Vacation Pay

I live in Illinois. I was recently downsized out of my job. My question is do they have to pay me my vacation pay? They normally give 2 weeks after 1 year. I was on the job 9 months. They do pay you for your vacation pay, they accrue it, but claim unless your there a year you aren’t entitled to it.

I contacted the labor board and they say the law is vauge it says “Vacation pay IS a earned benefit and must be paid upon termination.”

But the question is when does it become earned. I was advised to get a lawyer. But it seems I should get 9/12 (3/4) of two weeks pay to me. But that is hardly worth taking time off my new job AND paying a lawyer too.

Has anyone else had anything similar?

This is the only job I had that won’t pay earned vacation pay.

At the two large corporations I have worked for you didn’t earn a day of vacation until you had been there one full year. On your anniversary date you got two weeks vacation. So, based on my experience, you’re screwed. Sorry.

The worst experience I ever had was working for a company that didn’t pay you for holidays but didn’t let you work, either. It was just a chunk out of your paycheck. Merry Christmas to you too!

“non sunt multiplicanda entia praeter necessitatem”

Yeah…depends on how you work it. Where I work, we get 7 hours of vacation for every month we work. I’d expect to get that back if I was terminated.

Does your vacation show up on your paycheck? Mine is listed there along with all the deductions. In my state, too, they are required by law to pay you vacation. I have a friend who had a run in about this, and because she had documented proof (ie, her paycheck saying she had XX amount of vacation) they had to pay her for it.

In Canada, where i happen to live, i don’t get vacation or unemployment insurance deductions back even though i don’t work enough hours to qualify for either a vacation or unemployment insurance. Go fig.


Sincerely, SDStaff hopeful

If you earn two weeks vacation after one year on the job, then you are entitled to pay for two weeks vacation only when you have been on the job a year. Not nine months, a year.

Employers with this very common policy (I live in IL too) are under no obligation to change their vacation rules simply because you think it should be prorated.

In short, you’re SOL. Take the lawyer money and buy yourself a new Rolex.

In the U.S., the laws vary by state and are pretty much at the whim of the company. Vacation can be accured monthly, in which case you would have a claim to unused vacation; or vacation can accrue after one year of service, in which case you got nothin’. Thus, companies are pretty much free to do as they please.

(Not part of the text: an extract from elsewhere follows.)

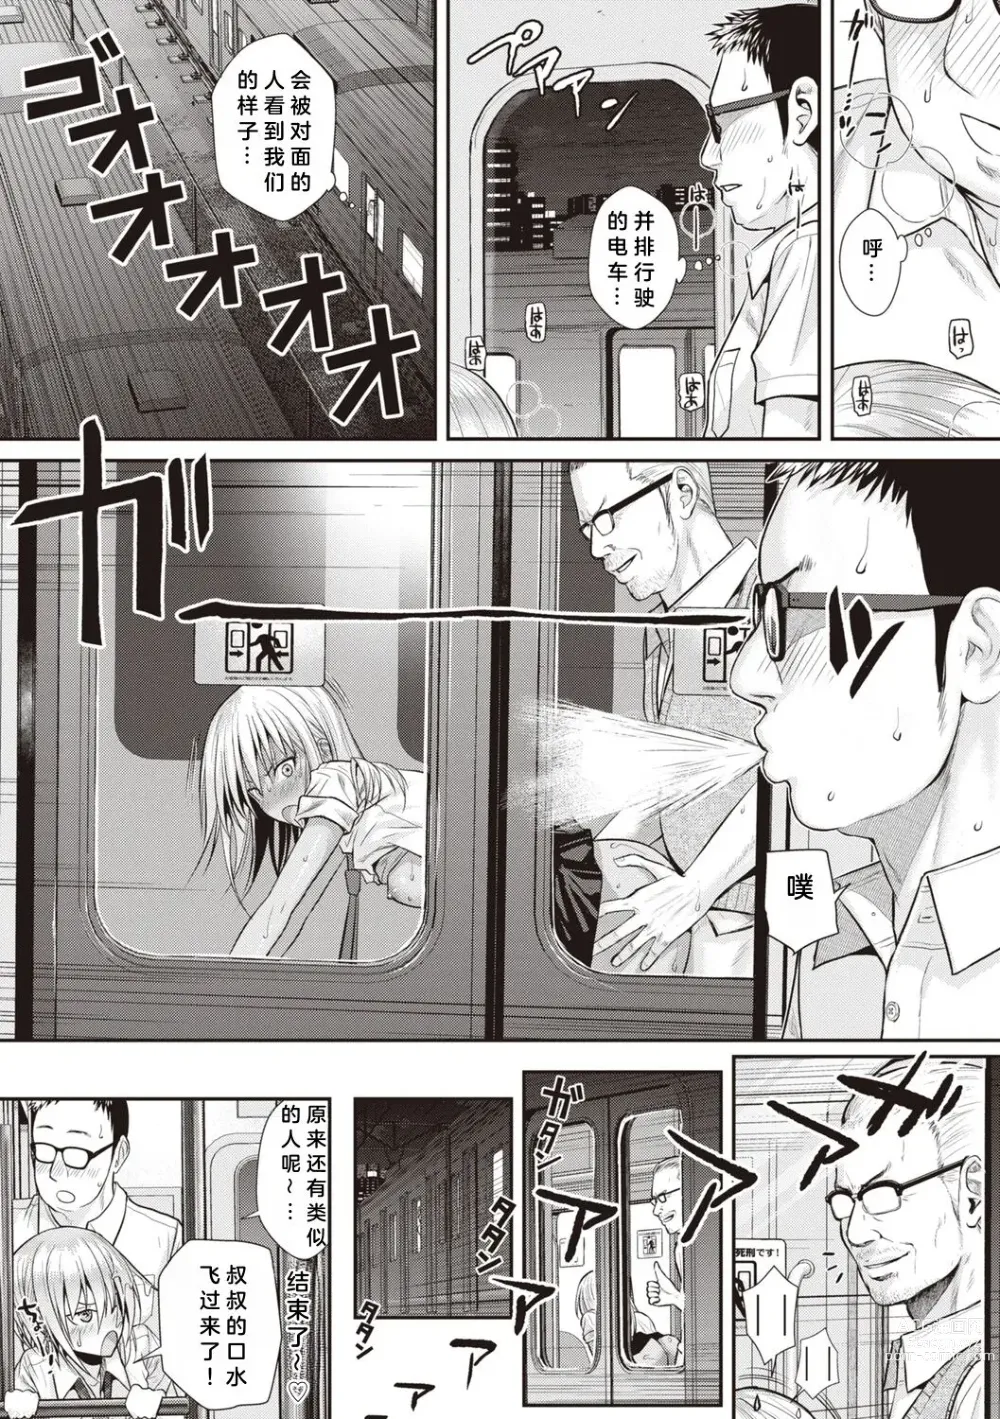 Page 9 of manga Prototype Teens

Different countries have different requirements (or lack thereof).

Not to mention the fact that it might be accrued weekly or monthly, but unavailable (not vested) until after one year of service. I have had that happen at three different employers in California.

It really doesn’t matter what company policy says. It is the law that matters. For instance when I did payroll for my staff, If they punch in early, even without authorization, you still have to pay them. You can fire them or you can write them up, but you STILL must pay them. Despite my company policy saying this isn’t so.

Also in IL you MUST take your lunch break no later than 5 hours after you start your shift. Even if the employee says they would rather wait it is an offensive subject to 100 dollar fine per occurance. But my company H/R department says it’s OK to delay lunch.

That is why I really don’t have faith in anything the H/R dept says.

This from the Illinois Dept. of Labor:

ILLINOIS WAGE PAYMENT AND COLLECTION ACT
820 ILCS 115/1-1
Unless otherwise provided in a collective bargaining agreement, whenever a contract of employment or employment policy provides for
paid vacations, and an employee resigns or is terminated without having taken all vacation time earned in accordance with such
contract of employment or employment policy, the monetary equivalent of all earned vacation shall be paid to him or her as
part of his or her final compensation at his or her final rate of pay and no employment contract or employment policy shall provide
for forfeiture of earned vacation time upon separation.

Key words: Vacation time earned
and “employment contract or policy.”
Those contracts are entered into voluntarily on the part of an employer, and/or an employer sets their own paid vacation policy.

There are no laws, Federal or State that I can find that set minimun standards for paid vacations. This benefit is completely voluntary on an employer’s part, and they could concievably offer none, zip, nada. You’re free to wander around the Illinois Dept of Labor at:

http://www.state.il.us/agency/idol/wpact.htm

or the U.S. DOL at:

http://www.dol.gov/dol/welcome.htm

and see for yourself. Nothing in any of those places says an employer must offer X number of days paid vacation in X number of days service.

Once again: You left their employ before you earned your vaction according to their policy. They owe you nothing.